Health searches data contains the statistics of google searches made in US. This data covers the most prominent medical conditions in the USA.
To start our analysis, let's read the data into a pandas dataframe and also we look at the first 3 rows to understand the columns/data. 

In [None]:
import numpy as np
import pandas as pd
import matplotlib.pyplot as plt
%matplotlib inline

healthSearchData=pd.read_csv("../input/RegionalInterestByConditionOverTime.csv")
healthSearchData.head(3)

For our study, we do not consider the "geoCode" column and lets drop it. This is because we already have the city name in a separate column and I would like to keep the data simple.

In [None]:
healthSearchData = healthSearchData.drop(['geoCode'],axis=1)

In the dataset, we have 9 medical conditions and the search data is from 2004 to 2017. Its soo refreshing to see data for more than 10 years. Anyway, now we plot year wise search change for the diseases available. 

In [None]:
#2004-2017
#cancer cardiovascular stroke depression rehab vaccine diarrhea obesity diabetes
yearWiseMeam = {}
for col in healthSearchData.columns:
    if '+' in col:
        year = col.split('+')[0]
        disease = col.split('+')[-1]
        if not disease in yearWiseMeam:
            yearWiseMeam[disease] = {}
        if not year in yearWiseMeam[disease]:
            yearWiseMeam[disease][year] = np.mean(list(healthSearchData[col]))

plt.figure(figsize=(18, 6))
ax = plt.subplot(111)
plt.title("Year wise google medical search", fontsize=20)

ax.set_xticks([0,1,2,3,4,5,6,7,8,9,10,11,12,13])
ax.set_xticklabels(list(yearWiseMeam['cancer'].keys()))
lh = {}
for disease in yearWiseMeam:
    lh[disease] = plt.plot(yearWiseMeam[disease].values())
plt.legend(lh, loc='best')


It can be observed that the line plot has so many uneven jumps. Let's smooth the plot and visualise how the search looks like.

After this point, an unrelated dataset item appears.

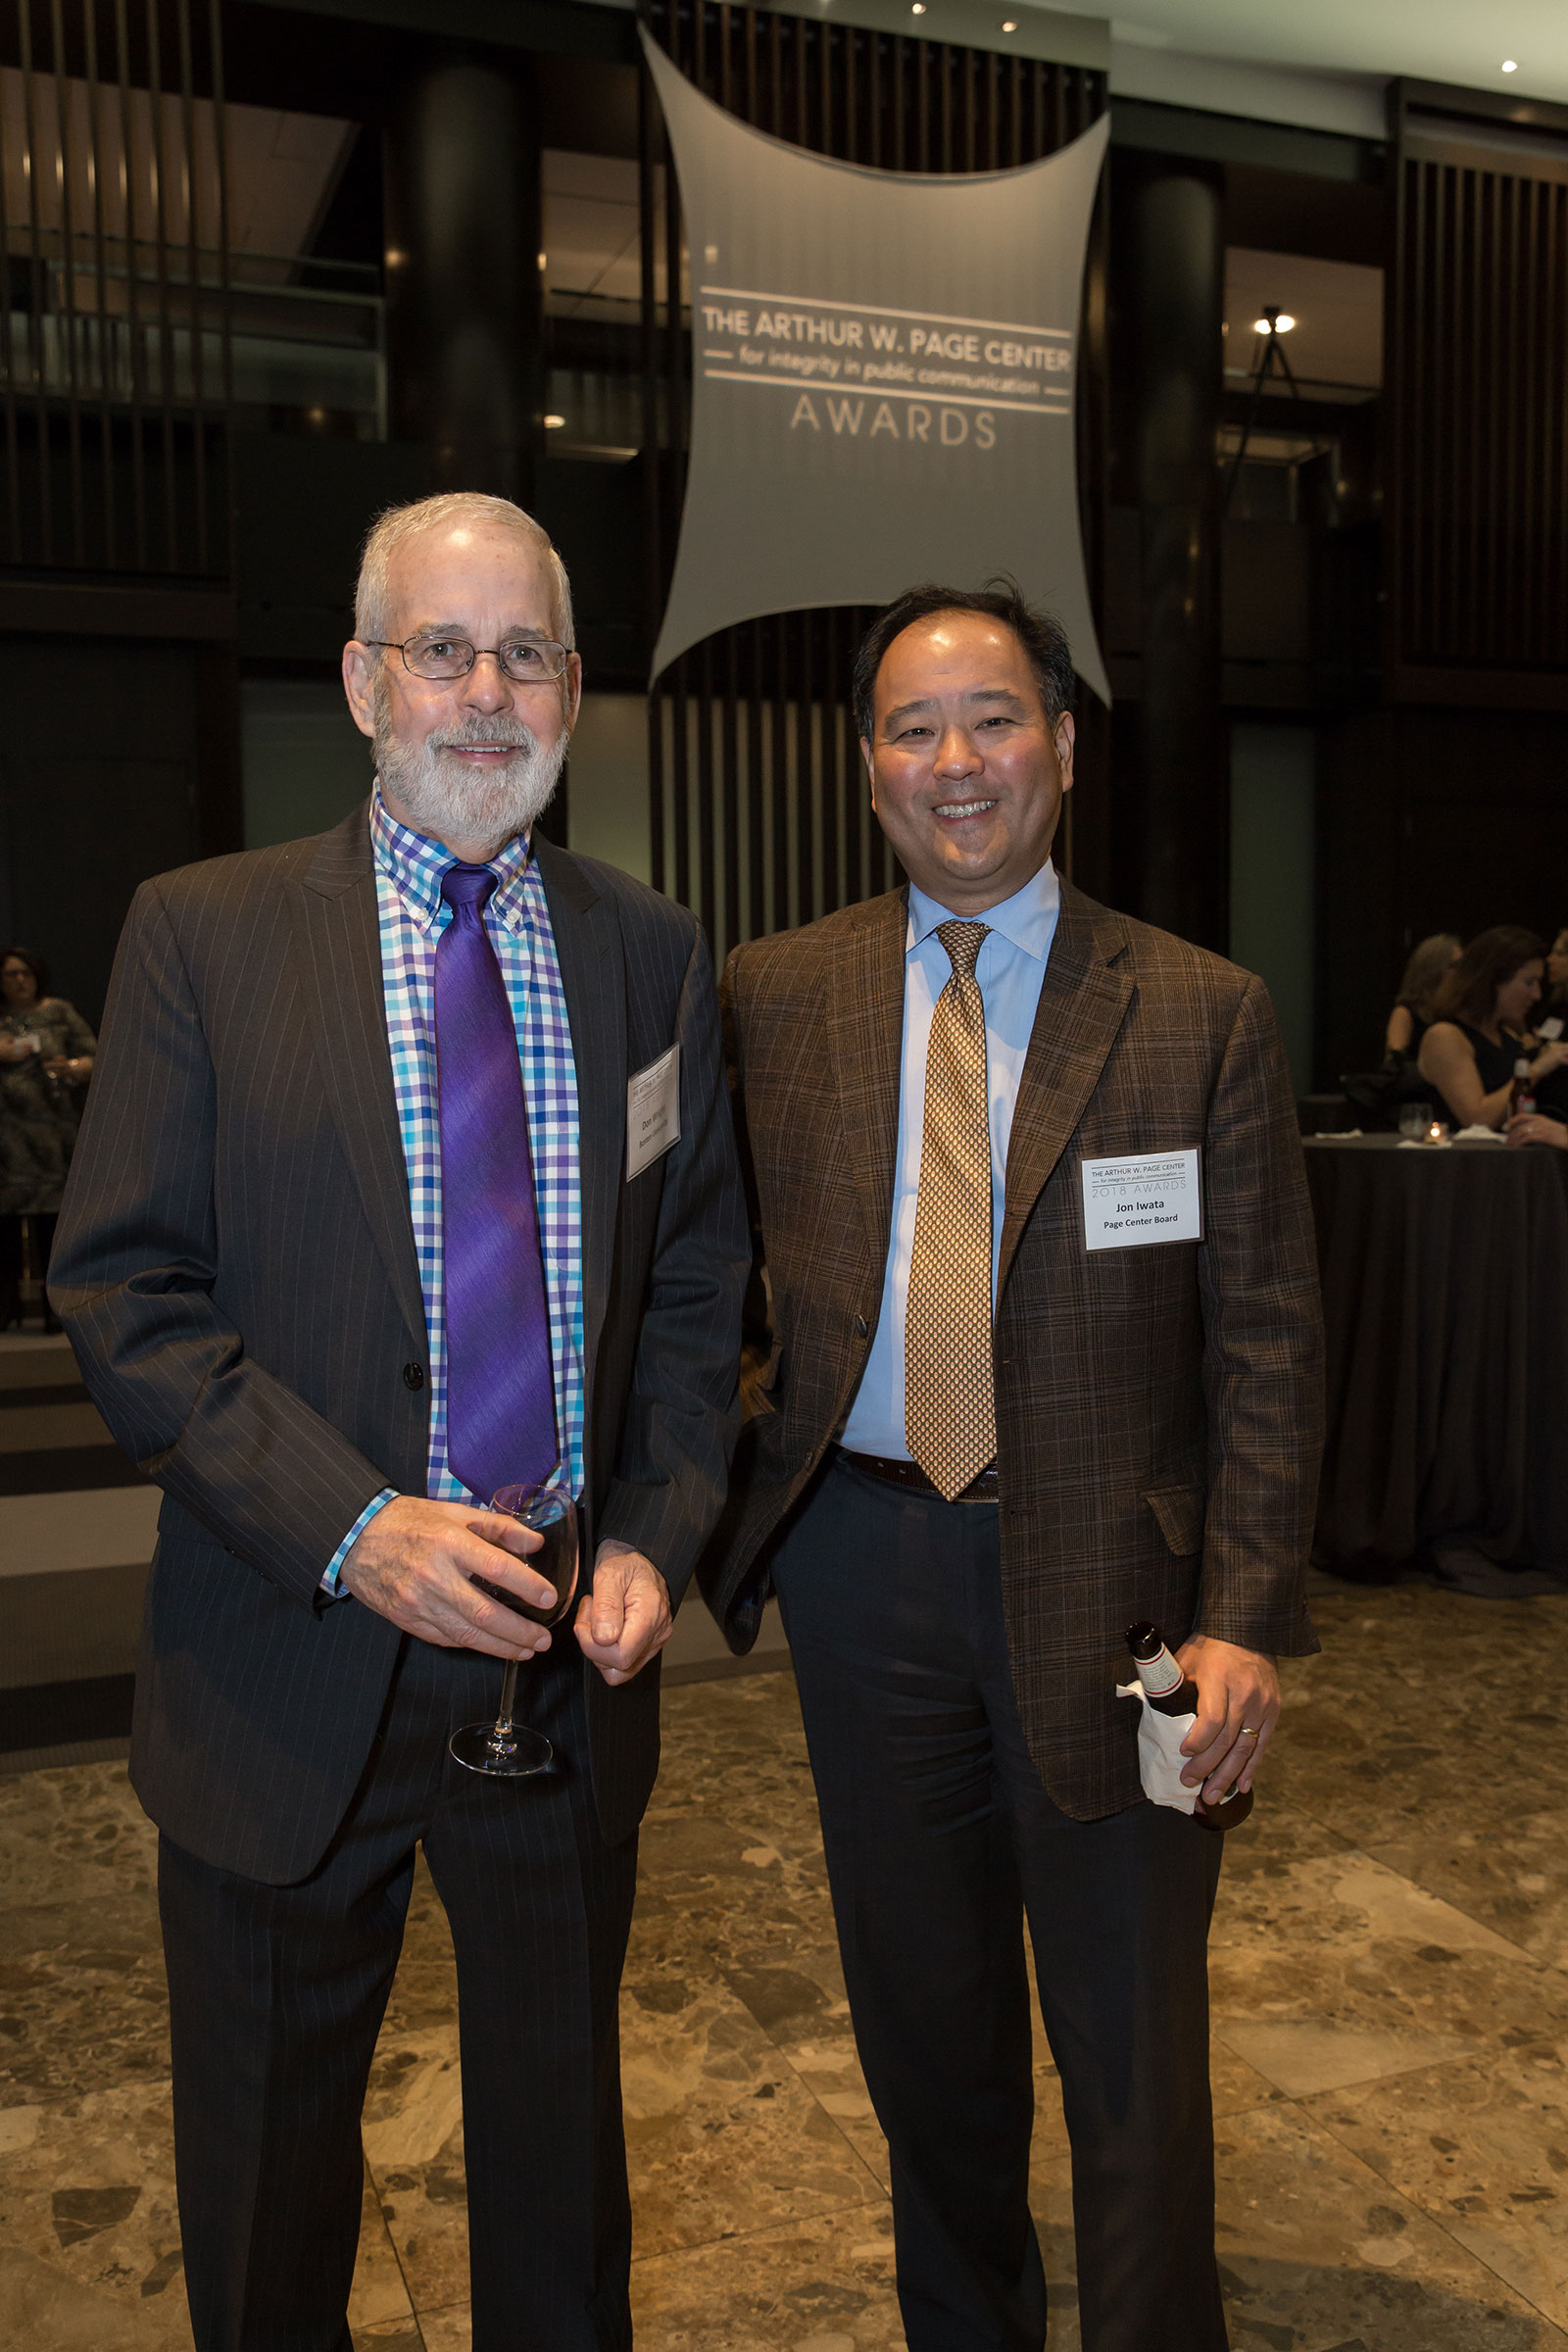 Don Wright (left) and Jon Iwata stop for a picture at the Arthur W. Page Center Awards.

This is just for observational benefits and need not be performed everytime.

In [None]:
plt.figure(figsize=(18, 6))
ax = plt.subplot(111)
plt.title("Year wise google medical search [smoothened]", fontsize=20)

ax.set_xticks([0,1,2,3,4,5,6,7,8,9,10,11,12,13])
ax.set_xticklabels(list(yearWiseMeam['cancer'].keys()))
lh = {}
myLambda = 0.7
for disease in yearWiseMeam:
    tempList = list(yearWiseMeam[disease].values())
    localMean = np.mean(tempList)
    smoothList = []
    for x in tempList:
        smoothList.append(x + myLambda * (localMean - x)) 
    lh[disease] = plt.plot(smoothList)
plt.legend(lh, loc='best')

We see that Cancer is the most searched illness whereas cardiovascular search is the least. Surprisingly, in 2017, diabetes is the highest searched illness. I believe that people are becoming more aware about their health and this can mostly be preemptive search to avoid any future illness. Whatever the case, diabetes has overtaken Cancer in search data.

Continuing our analysis, we will further go ahead and plot a heat map to visualise the pattern acros geographical locations.

In [None]:
statesData = pd.DataFrame(healthSearchData.iloc[:,0])
healthSearchData = healthSearchData.drop(['dma'],axis=1)

meanDict = {}
yearList = []
illnessList = []
for col in healthSearchData.columns:
    if '+' in col:
        yearList.append(col.split('+')[0])
        illnessList.append(col.split('+')[-1])
        
for index, row in healthSearchData.iterrows():
    for illness in illnessList:
        searchCountList = []
        for year in yearList:
            searchCountList.append(row[year+ '+' +illness])
        if not illness in meanDict:
            meanDict[illness] = []
        meanDict[illness].append(np.mean(searchCountList))
yearWiseMeanDf = pd.DataFrame.from_dict(meanDict, orient='columns', dtype=None)
heatMapData = statesData.join(yearWiseMeanDf)
heatMapData.set_index('dma', inplace=True, drop=True)

import seaborn as sns
plt.figure(figsize=(10, 25))
plt.title("State wise illness search", fontsize=16)
ax = plt.subplot(111)
ax.spines["top"].set_visible(False)    
ax.spines["bottom"].set_visible(False)    
ax.spines["right"].set_visible(False)    
ax.spines["left"].set_visible(False)
ax.get_xaxis().tick_bottom()    
ax.get_yaxis().tick_left()
ax = sns.heatmap(heatMapData)

Here, we see the mean value of all the diseases acroos the years being plotted against major cities. Further, I would like to somehow relate it to the actual statistics of the people affected. If we can get our hands on the actual spread of illness, it is possible to a promising correlation with the actual ground truth.